INDONESIA: Indonesian carriers not ready for open skies

Indonesia will only fulfill its promise to open its cargo skies to the rest of Southeast Asia when its domestic operators are capable of withstanding competition from foreign carriers, according to the ministry of transportation. The transport ministry’s director general Budhi Mulyawan Suyitno recently told Indonesian media that while the country had agreed to the […]


Indonesia will only fulfill its promise to open its cargo skies to the rest of Southeast Asia when its domestic operators are capable of withstanding competition from foreign carriers, according to the ministry of transportation.

The transport ministry’s director general Budhi Mulyawan Suyitno recently told Indonesian media that while the country had agreed to the open skies concept, its implementation was dependent on bilateral agreements, “which are not easy”.

In 2002, Indonesia and nine other countries grouped in the Association of Southeast Asian Nations (ASEAN) grouping signed a memorandum of understanding on the liberalisation of air freight services.
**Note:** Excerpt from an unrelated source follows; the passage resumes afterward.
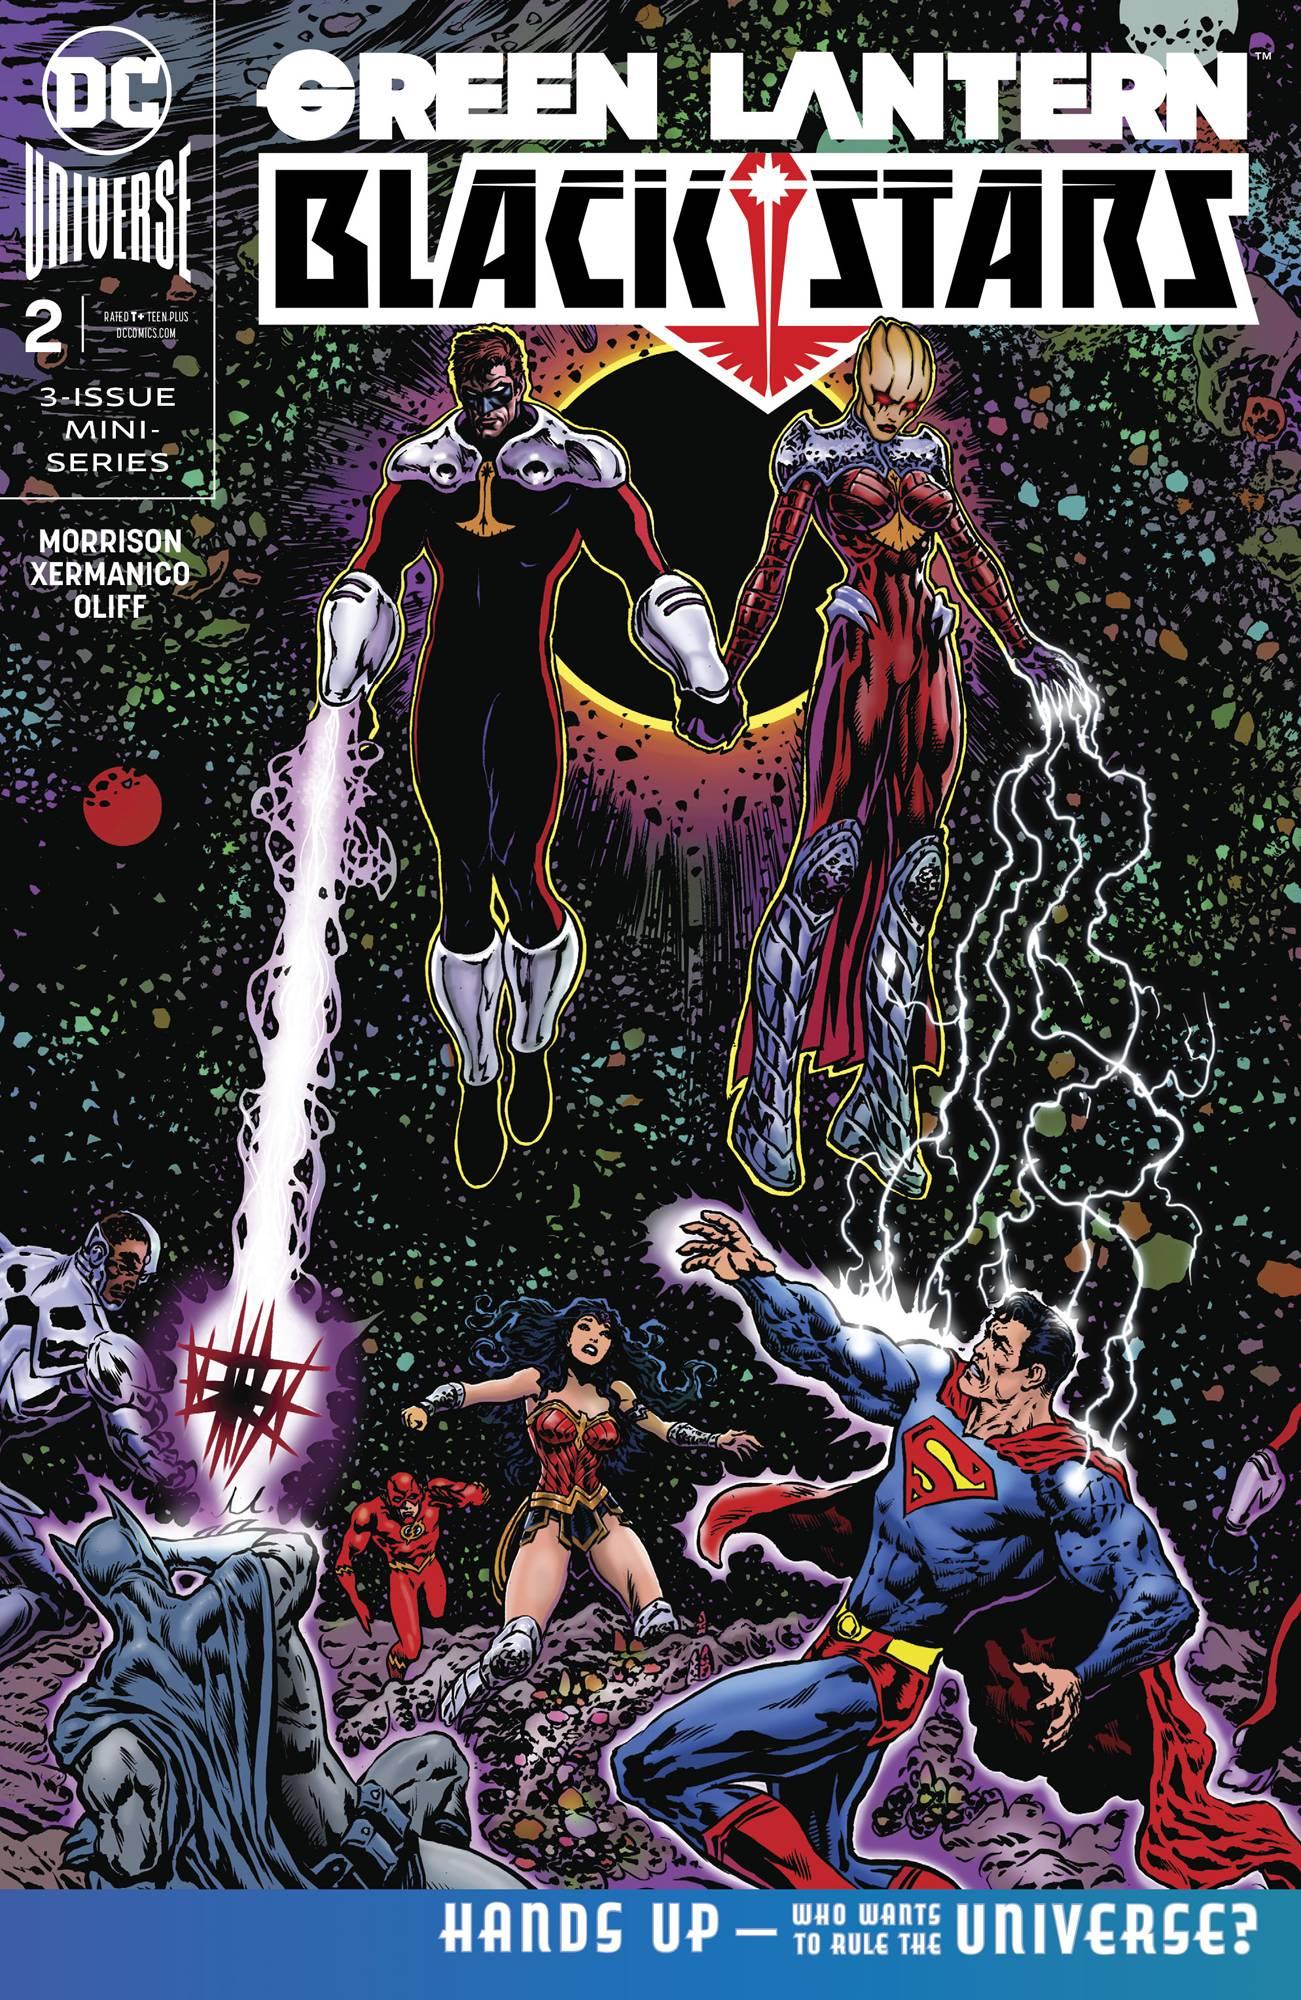 Green Lantern: Blackstars #2 (2019)

The MOU required ASEAN members to open air routes linking their capital cities to all member cargo companies by December 2008, and then expand the routes to other cities by 2015.

The member countries will be allowed to operate all-cargo services with a maximum load of up to 250 tonnes a week but without limitations on flight frequencies and aircraft type.

But the implementation of the policy demands that all members sign bilateral deals which many observers suggest runs directly counter to the concept of open skies.